If there is anything that bloggers Addams and Daggins like to do, it's identify people that we find offensive and sway people to join our opinions with our well founded arguments (law school, here we come)

In light of the oscars approaching, there are a few things that can always be counted on:
The host will make awkward, ill-timed jokes
The gay men interviewing on the red carpet will offend the celebreties (a la Isaac Mizrahi and Scarlett Johansson's boob)
Meryl Streep will be nominated for some absurd role

Though Meryl has had a successful career and is certainly more talented than stars like Megan Fox (sorry boys) and Mariah Carey, the accolates she recieves are far too excessive. If anyone has ever seen her in more than one of her movies, you can see some common threads.
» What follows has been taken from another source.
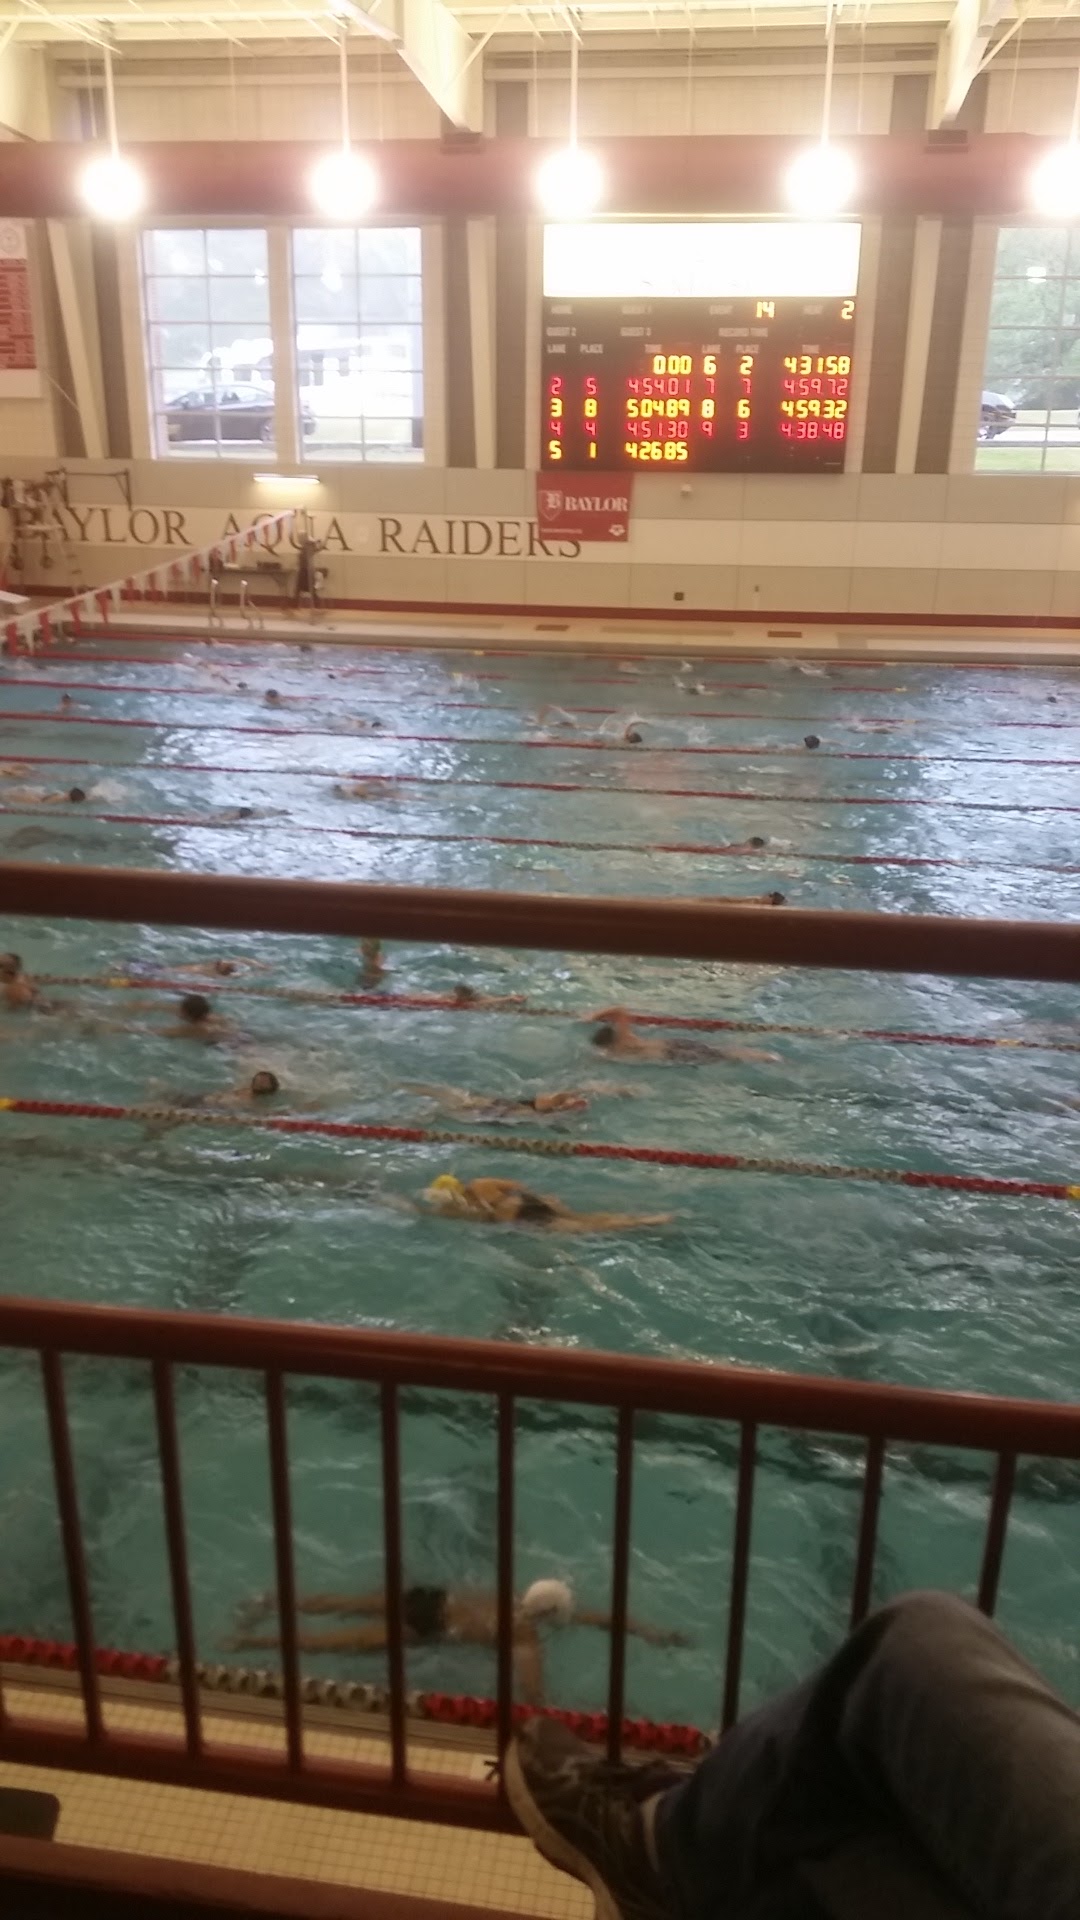 Baylor Swim Club

Meryl loves to stretch a little and take rolls where she can flaunt her acting chops. By this I mean that she finds a way to include a goofy accent in nearly EVERY role. Her performances are so overstylized and cartoonish that I can't watch them without getting distracted (read "want to slap her") Sophie's Choice is almost unbearable beacuse of her terrible broken English, In Julie and Julia she was nominated for the Oscar with an arguably worse performance than Dan Aykroyd on SNL. Even in The The Deer Hunter, Meryl finds a way to make a working class woman from Pennsylvania sound like an extra in the movie Fargo.

The worst part is, many people can't see through these "scenery-chewing" performances. As everyone cracks jokes about her 16 nominations and her status as the greatest of our time, Meryl merely throws her head back in laughter or makes a face saying "who, me?" Please. She cannot hold a candle to past greats like Katharine Hepburn and Liz Taylor, or even current stars like Kate Winslet and Hilary Swank (who, by the way, has the same number of W's as "the greatest of all time")

In short. NONE OF THESE are amusing!